01 - Heat olive oil or butter in a large pot over medium heat. Add onion, carrots, and celery. Sauté for 5 minutes, stirring occasionally, until vegetables begin to soften.
02 - Add minced garlic and cook for 1 minute until fragrant.
03 - Stir in chicken pieces and cook for 2 to 3 minutes until lightly browned on the outside. Chicken does not need to be fully cooked through at this stage.
04 - Add rice, chicken broth, thyme, bay leaf, salt, and pepper. Stir to combine all ingredients.
05 - Bring to a boil, then reduce heat to a simmer. Cover and cook for 20 to 25 minutes, stirring occasionally, until rice is tender and chicken is cooked through.
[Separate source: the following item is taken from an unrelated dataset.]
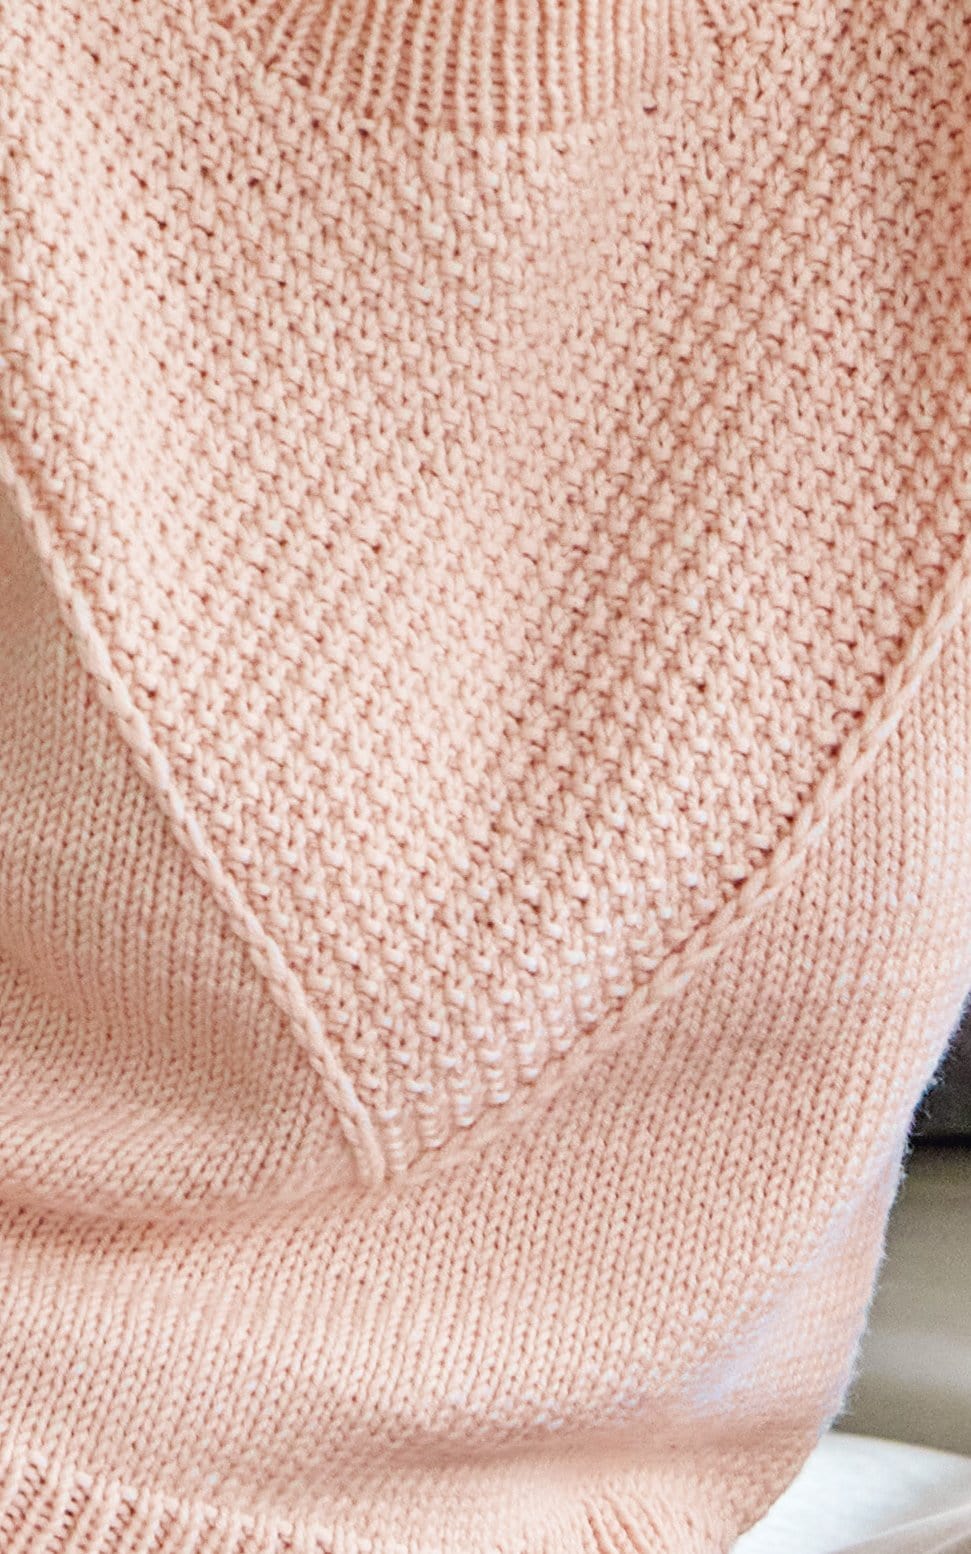 Pullover im Mustermix - BINGO - Strickset von LANA GROSSA jetzt online kaufen bei OONIQUE

06 - Remove bay leaf. Taste and adjust seasoning as desired.
07 - Stir in fresh parsley before serving.
08 - Serve hot with lemon wedges on the side if desired.

# Expert Advice:

01 -
  • Everything happens in one pot, which means fewer dishes and more time actually enjoying dinner.
  • The rice soaks up all that chicken-y, herby broth so you get flavor in every spoonful without any extra work.
  • It's the kind of meal that makes people feel looked after, even though you barely broke a sweat making it.
02 -
  • If you skip rinsing the rice, you'll end up with a starchy, gluey soup instead of a brothy one—this isn't optional, it's the difference between good and mediocre.
  • The rice will continue absorbing liquid even after you turn off the heat, so if you're reheating leftovers the next day and it seems thick, stir in more broth or water to get back to that soupy consistency.
03 -
  • Taste your broth before adding salt—some broths are already fairly salty, and you don't want to overshoot and end up with soup that's difficult to fix.
  • If you want deeper flavor without extra ingredients, let the onions, carrots, and celery cook for a full 6 to 7 minutes until they start turning golden at the edges before moving to the next step.